Com o carro em mãos, ele se entregou à diversão na limitada noite natalense daquela segunda-feira de dezembro de 1973, frequentando os únicos locais abertos até altas horas, os cabarés da Cidade do Sol. Não se sabe, por exemplo, se ele foi ao cabaré da Alaíde, em Lagoa Seca, ou ao Acapulco, na Rua General Glicério, na Ribeira, ou ainda a Cleide Drinks, na Praia do Forte, ou se atravessou a ponte de concreto sobre o rio Potengi para visitar o lupanar de Abílio, no final de Igapó.
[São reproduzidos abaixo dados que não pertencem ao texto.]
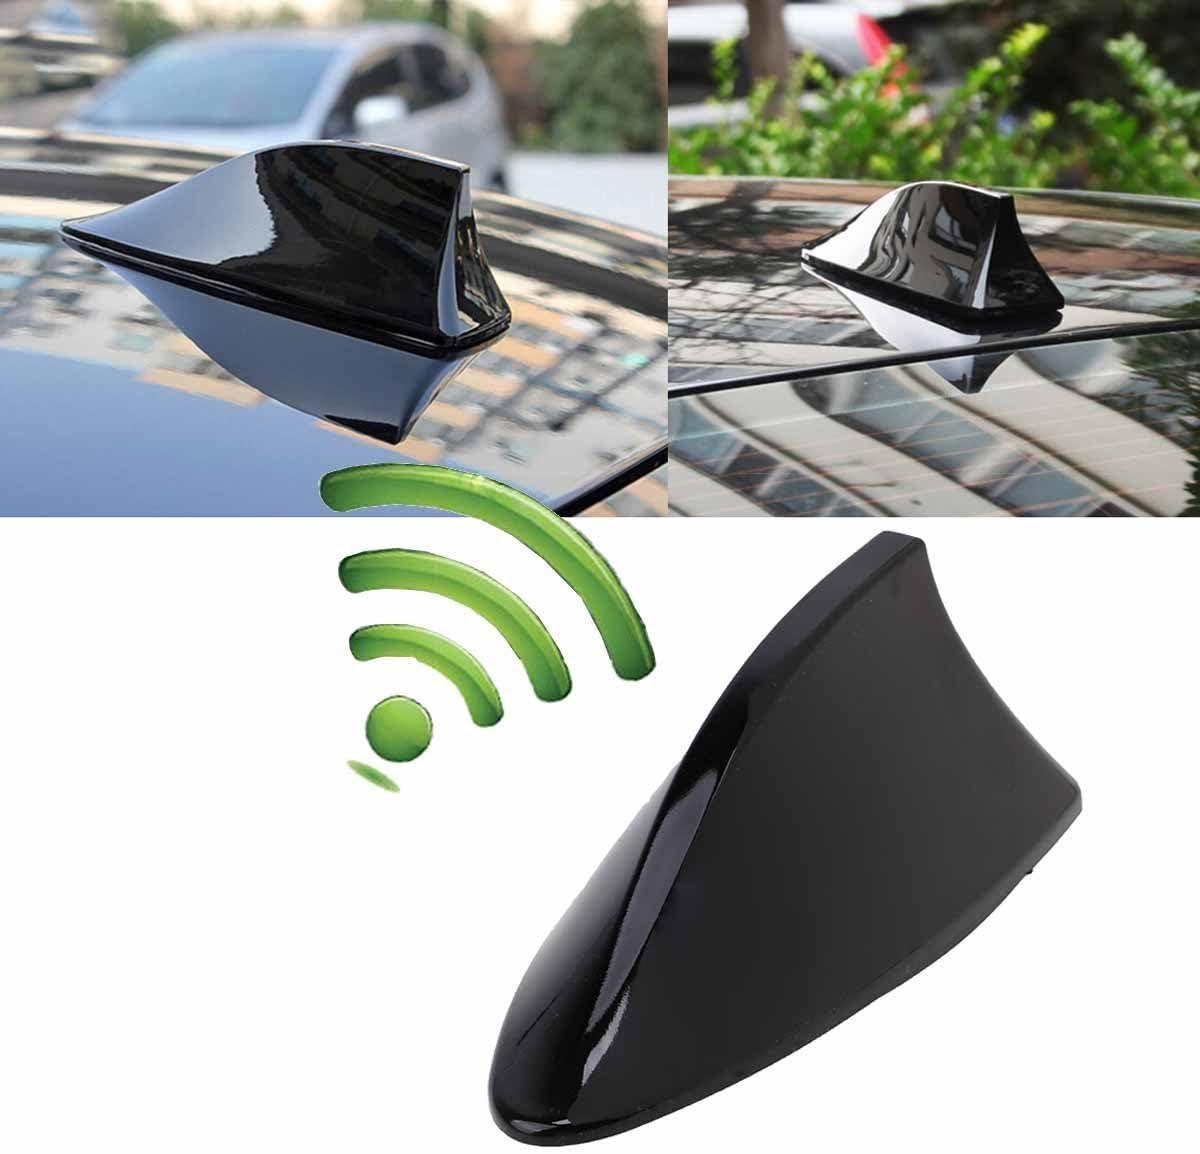 Possbay Car Shark Fin Antenna Aerial Universal AM//FM Radio Signal For Auto SUV Truck Van with Adhesive White

O que os jornais informaram foi que ele se divertiu intensamente no cabaré de Maria Boa, o melhor de Natal, frequentado pela elite e localizado na Rua Padre Pinto, Cidade Alta.

Provavelmente esse vigarista esteve na praia de Ponta Negra, então bem tranquila.

A farra foi tão intensa que Roberto Passarinho Filho só encerrou a “função” quando amanheceu a terça-feira. Ele chegou a presentear o Volks alugado em Jaeci à mais bela das prostitutas de Maria Boa, conhecida apenas como Renata.

Ao sair de Maria Boa, ainda usando a identidade do filho do Ministro Jarbas Passarinho, o vagabundo fluminense alugou com o Senhor Roque Araújo Azevedo, proprietário da Auto Locadora Dudu, um imponente Ford Maverick 4 portas, motor V8, praticamente zero quilômetro. Seu Dudu, como era conhecido por todos em Natal, havia adquirido o carro no dia anterior por 35.000 cruzeiros na firma Santos & Cia., representante da Ford na cidade, e já no modelo 1974.

Montado então no possante, o meliante fugiu de Natal.

Ford Maverick 4 portas, motor V8 – Fonte – https://rrautosantigos.com.br/produto/ford-maverick-super-luxo-1974/

Confesso que essa última informação me deixou triste, pois conheci na juventude Seu Dudu, lá no velho bairro da Ribeira, no comércio de peças e acessórios de Seu Calabar Medeiros, meu pai. Guardo de Seu Dudu a recordação de um homem cordial e animado, que adorava caminhar pela cidade e conversar sobre a época da Segunda Guerra, quando trabalhou para os americanos na Base de Parnamirim.

Rastro de Prejuízos

Roberto Toniato Passarinho Filho deixou no Hotel Reis Magos um prejuízo de 3.300 cruzeiros, sendo 2.000 do cheque (sem fundos) trocado e o restante de itens consumidos e a hospedagem. Alguns afirmam que o prejuízo ultrapassou os dez mil cruzeiros e que alguns funcionários foram ameaçados de demissão.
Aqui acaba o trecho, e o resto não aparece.